Second – Make a list of your Priorities
Looking ahead at the next 3 to 6 months, what life changes would grant you the most benefit? Example – getting a good night’s rest, having more sit-down dinners with family, creating a household budget, or landing an interview for your dream job. These are your Priorities. If you did the What Matters Most exercise in my “Where to Start” blog, you can pull inspiration from there.
Third – Write your Shift Statement
Your shift statement is simply your space + priority. I call it Shift because you are moving things around in your space but also making the Shift from mess and disorder, to calm and order in your life.
Here’s an example –
I need to declutter my dining room (space) to enjoy meals with my family (priority)
Space + Priority = Shift
You will have one shift statement as inspiration for each organizing project.
Forth – Identify Obstacles
What is getting in the way of using your space to live your best life? What clutter needs to be evicted to use the space effectively and purposefully? Be specific, make a list. These are your Obstacles. Dealing with these obstacles will be some of the tasks on your to-do list like, toss junk mail, identify clothes that do not fit, or get rid of storage containers with missing lids. But for now just make a list of the types of clutter standing in your way of an organized space.

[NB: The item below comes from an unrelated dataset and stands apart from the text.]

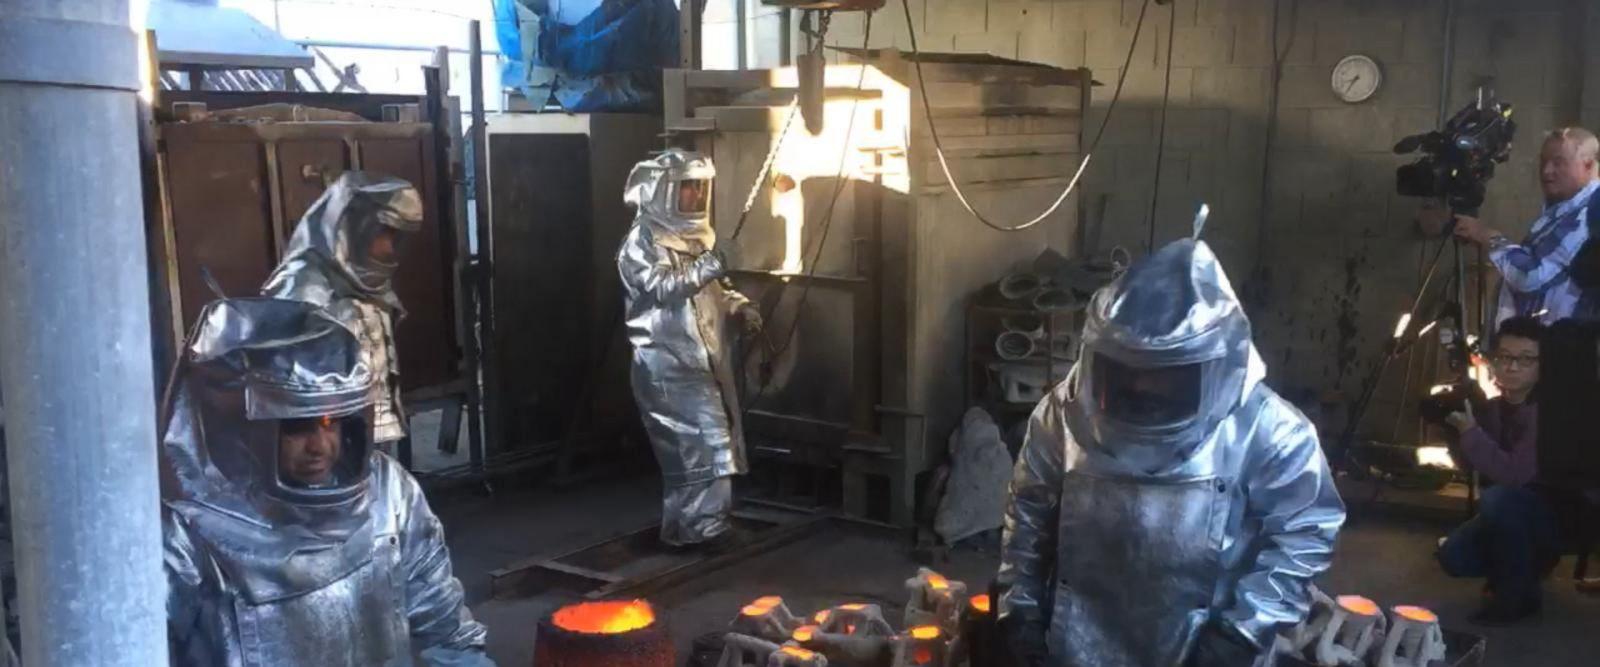 VIDEO: Sculpting An Icon: Making the SAG Award

Fifth – Breaking task down into manageable action items
Now that you know where you want to go, you need to create a list of next steps to get you there. These are your Tasks. Tasks are “to do” items you can work on even if you only have 30 minutes a day to organize. To be effective in your organizing efforts you must chip away at smaller tasks or you will just spin your wheels, get overwhelmed, and give up.
Here is our finished Action Plan. Remember each area in your home will have a slightly different plan because your vision and the room’s functionality differ from other spaces. Working on one space at a time insures that you do not just jump from one room to another without accomplishing anything. Good Luck!